OllamaTextProvider bumps NumPredict default 1024 → 4096
(reasoning-tagged models burn tokens on chain-of-thought before
the answer) and falls back to message.thinking when message.content
is empty.
`template repair` command + `LlmTemplateInducer.RepairFromSkeletonAsync`
+ production coordinator dispatch (TemplateEnrichmentJob.Kind +
LayoutExtractor enqueue on low-output existing-template hits).
Discourse data-preloaded rehydration
Discourse renders every page as an Ember.js SPA. Static HTML ships
near-zero post content; the actual topic + posts live in a JSON
blob in <div id="data-preloaded" data-preloaded="...JSON...">.
DiscourseRehydrationExtractor parses the JSON, walks
topic_NNN.post_stream.posts[*].cooked, strips tags, and emits the
result as a synthetic MainContent fallback block — same shape as
the existing JSON-LD fallback. Discourse powers 5 000+ public
forums; one upstream extractor covers them all.
WCXB lift: 6 of 13 catastrophic forum pages go from F1=0 to
F1=0.83–0.99. Forum category F1 0.477 → 0.535.
Wcxb plain-text profile
WCXB-style word-overlap benchmarks score against plain-text gold.
The default MainContentOnly / RagFull output emits GFM Markdown —
headings, lists, sidebar TOCs, multi-paragraph blockquotes — that
improves AI / human readability but registers as precision noise
against plain-text comparison.
New ExtractionProfile.Wcxb uses MainContentOnly's role-set but
emits each block's plain Text instead of its Markdown. Strictly
a benchmark / comparison profile — runtime callers keep their
existing profile and continue getting structured GFM.
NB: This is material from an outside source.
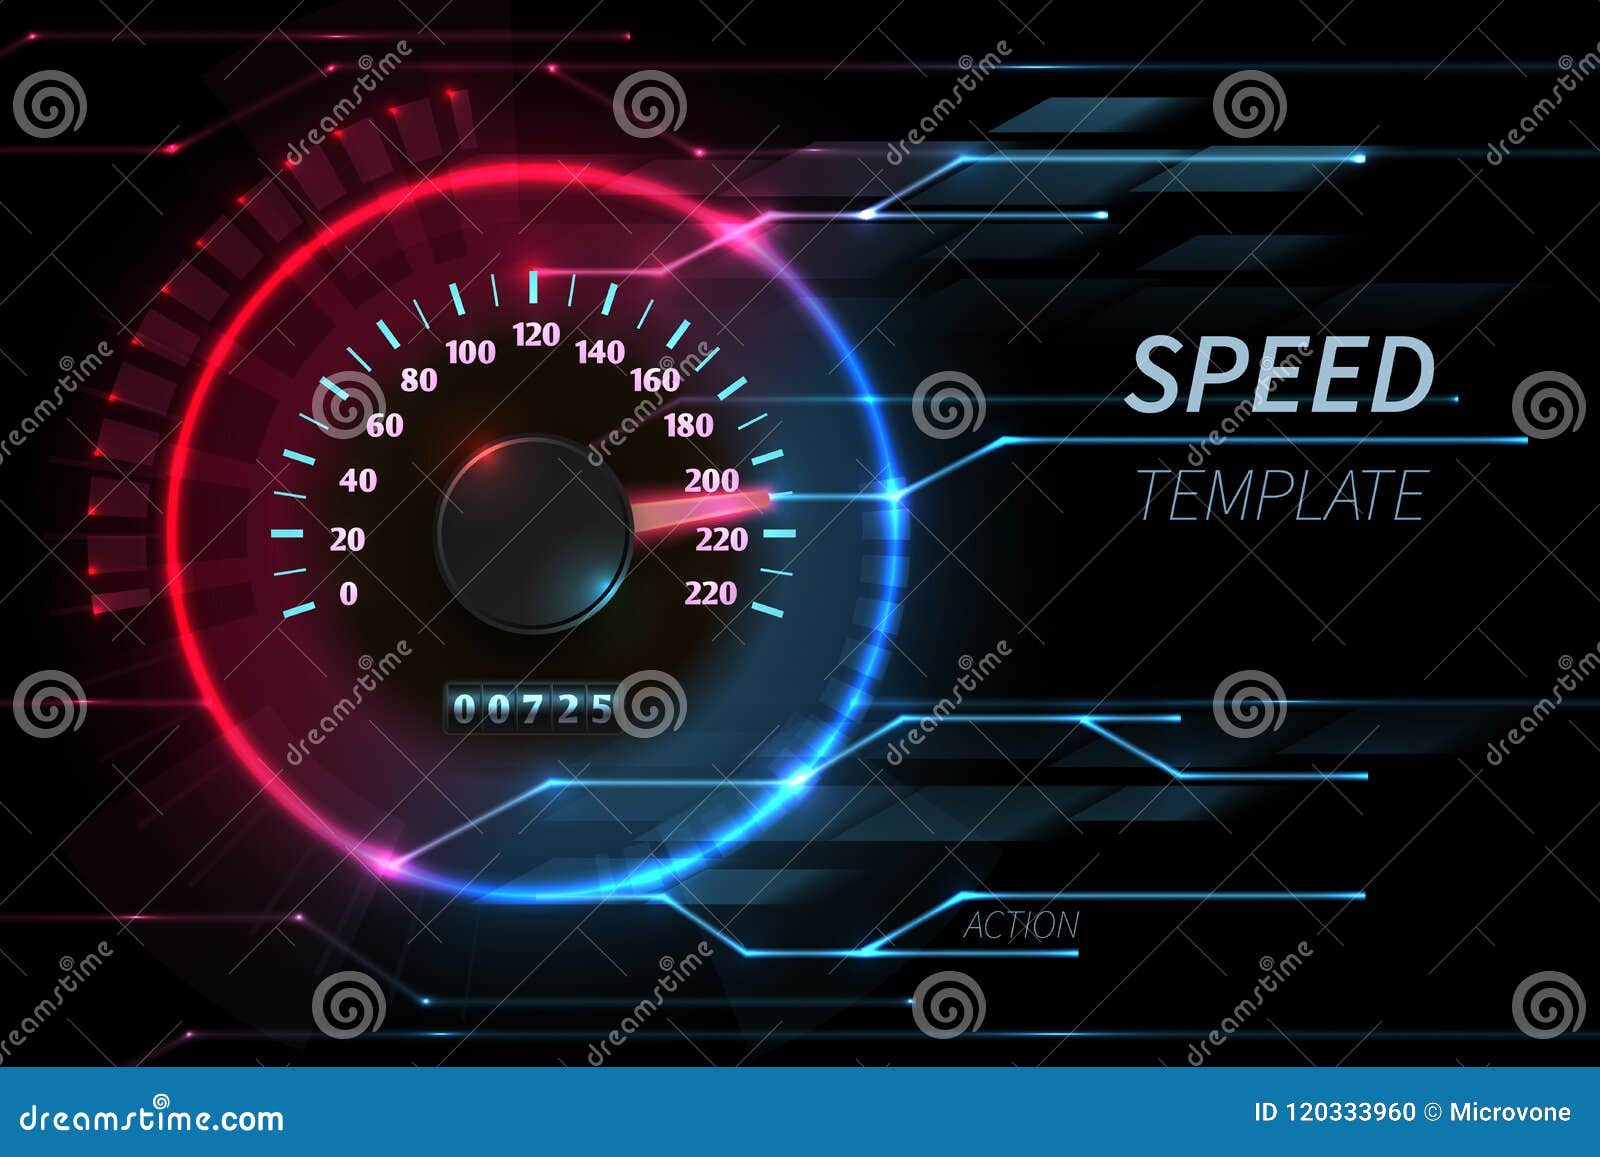 speed motion line  abstract tech background with car racing speedometer

Heuristic + selection fixes
DomCleaner: strip <select> globally so <option> text stops
leaking on category dropdowns. mostlylucid.net opened with 290+
category names dumped into the output; now opens with the actual
blog list.
IntraBlockCleaner: content-guard the contamination-hint substring
match. "sidebar" substring was eating WordPress / SNOFlex article
bodies whose class contained "sidebar-mode-single". 28 catastrophic
article pages recovered.
LayoutExtractor: body-text fallback for old-school flat HTML
without <main>/<article>/section wrappers. erikdemaine.org/foldcut
and similar plain H1/H2/P-under-body pages now extract.
LayoutExtractor: detect chrome-heavy applicator output as bug-out.
Stale templates applied to wrong-shape pages produced 1 char of
MainContent while combinedText looked fine (header + footer
selectors found chrome). esprit-barbecue, nike, rei collections
recovered.
HeuristicBlockClassifier: empty-semantic-wrapper handling and
body-spanning <form> fall-through. ASP.NET WebForms pages
(drainblasterbill, etc.) recovered.
Framework-content-class-hints: 20 new patterns — Discourse, phpBB,
vBulletin, PrestaShop, WooCommerce, Shopify, BigCommerce,
Squarespace, Webflow, Wix, Joomla, GitHub Pages, plus some misc.
Benchmark harness
WCXB harness gains --operator-templates <root> for loading
YAML files produced by `template train`, --page-ids for fast
repro of individual failures.
Aggregate WCXB (1495 dev pages, Wcxb profile):
| System | F1 | Precision | Recall |
|-------------------|-------:|----------:|-------:|
| StyloExtract v1.8.0-alpha.2 | 0.760 | 0.756 | 0.849 |
| rs-trafilatura | 0.859 | 0.863 | 0.890 |
| Trafilatura | 0.791 | 0.852 | 0.793 |
| Readability | 0.675 | 0.685 | 0.713 |
Compatibility
Backwards-compatible with 1.8.0-alpha.1. All changes are either new
code paths (Discourse extractor, Wcxb profile, train CLI), strictly
better selection (the heuristic fixes), or schema-additive
(TemplateEnrichmentJob gains optional Kind / BadMarkdownSample with
default Induce). Existing operator templates and trained YAMLs from
alpha.1 continue to work unchanged.
Suite: 486 tests across 10 projects, all green.